One of New York’s first families, the Astors, are represented here with a variety of vaults and mausoleums. John Jacob Astor I (1763-1848) is here and there is even a nautical “anchor marker” which reminds us of Col. John Jacob Astor, who perished in the Titanic disaster in 1912.
There are also Schermerhorns buried at Trinity Cemetery. Caroline Schermerhorn became the legendary Mrs. Astor, self-proclaimed queen of New York society. Mrs. Astor coined the term “the 400” because the ballroom of her Fifth Ave. house (where the Empire State Building stands now) could hold only 400 people. Letters and diaries of old New York are filled with stories of socialites and their desperate attempts to receive invitations to Mrs. Astor’s balls.
The Right Reverend Benjamin T. Onderdonk (1791-1861), fourth bishop of New York, is buried here as are three former Mayors of New York: Fernando Wood, Oakey Hall and Mayor Ed Koch. First families of NY such as the Paysons, the Delafields, the Guions and the Carmans are here as well as the notorious socialite and social climber Madame Eliza Jumel whose nearby home is now a museum (the Morris-Jumel Mansion). Charles Dickens’ son Alfred Tennyson Dickens (1845-1912) is buried here after suddenly dying on a ceremonial speaking tour of New York.

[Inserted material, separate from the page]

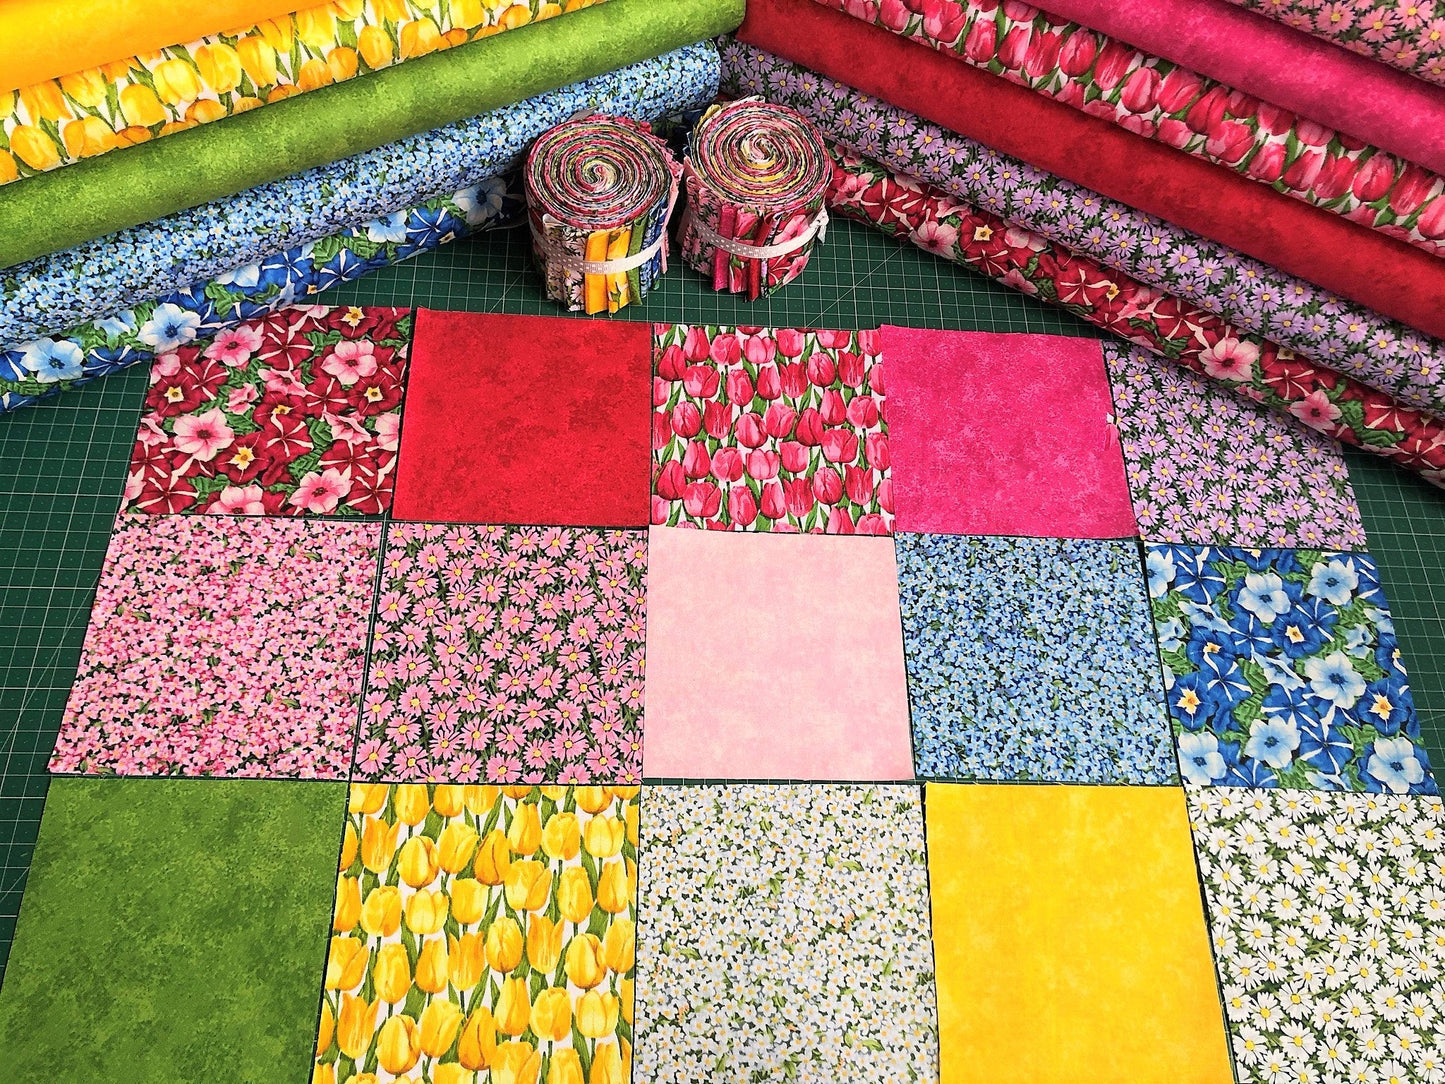 Jelly Roll Fabric Makower - Summer Garden and Spraytime
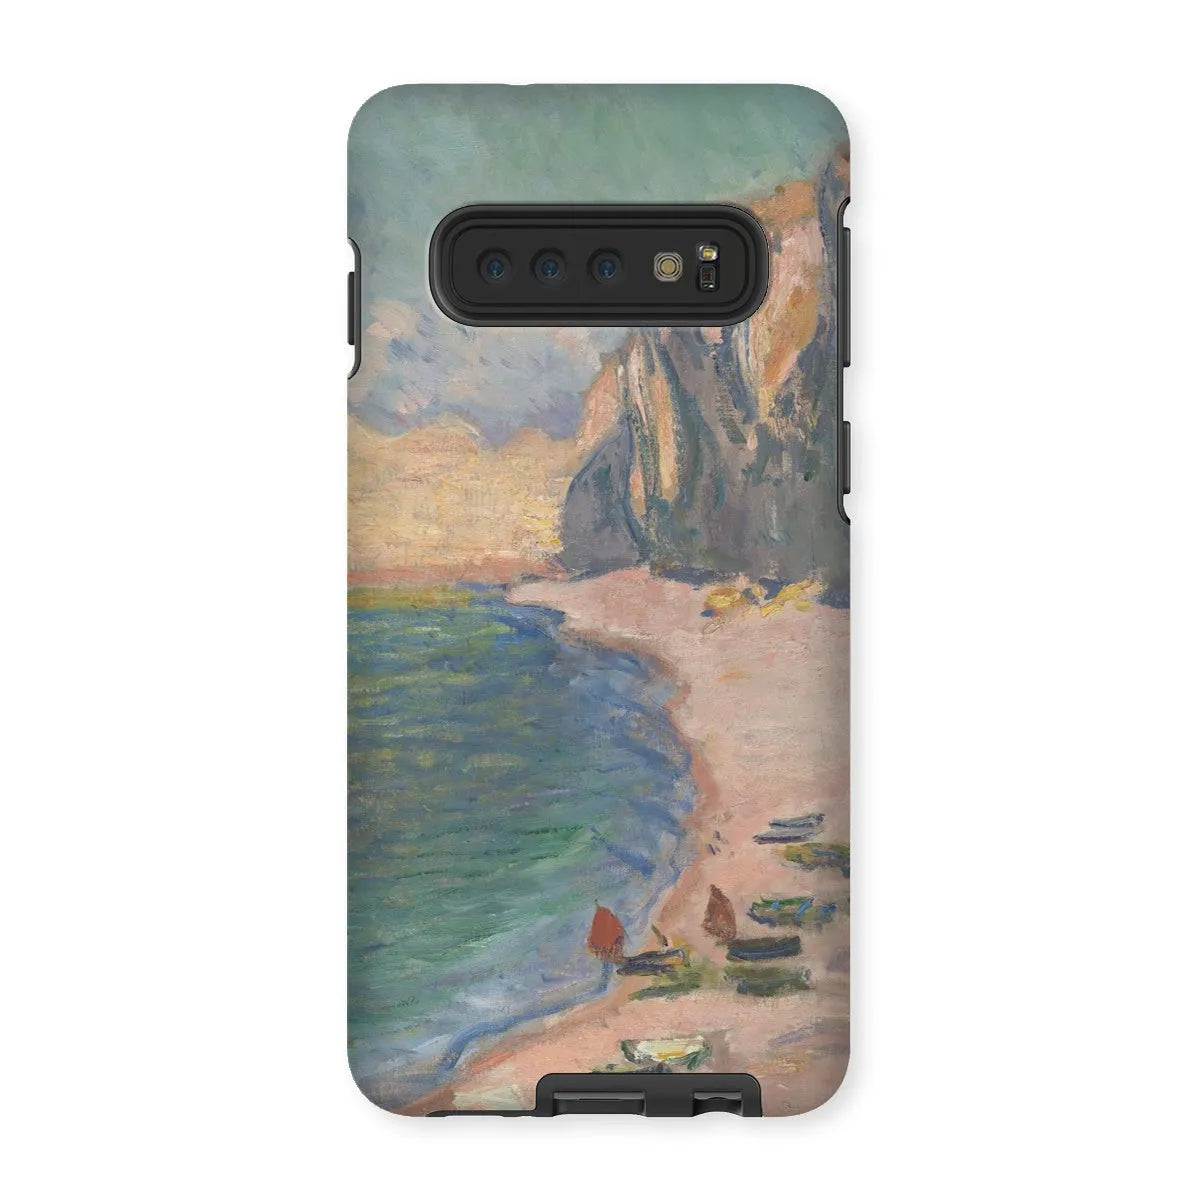 étretat - Impressionist Art Phone Case - Claude Monet - Samsung Galaxy S10 / Matte - Mobile Phone Cases - Aesthetic Art

One of the most noted people buried here is noted NYC Episcopal priest Dr. Clement Clarke Moore (1779-1863), the presumed author of “Twas the Night Before Christmas is buried here with his entire family. Every Christmas season for nearly 100 years a ceremony is held with a mass to celebrate Dr. Moore’s famous poem and a wreath is placed on his grave.

One of the magnificent carved headstones reads:
Remember Man as you pass by—As you are now, so once was I
And as I am, so must you be. Prepare for death and follow me.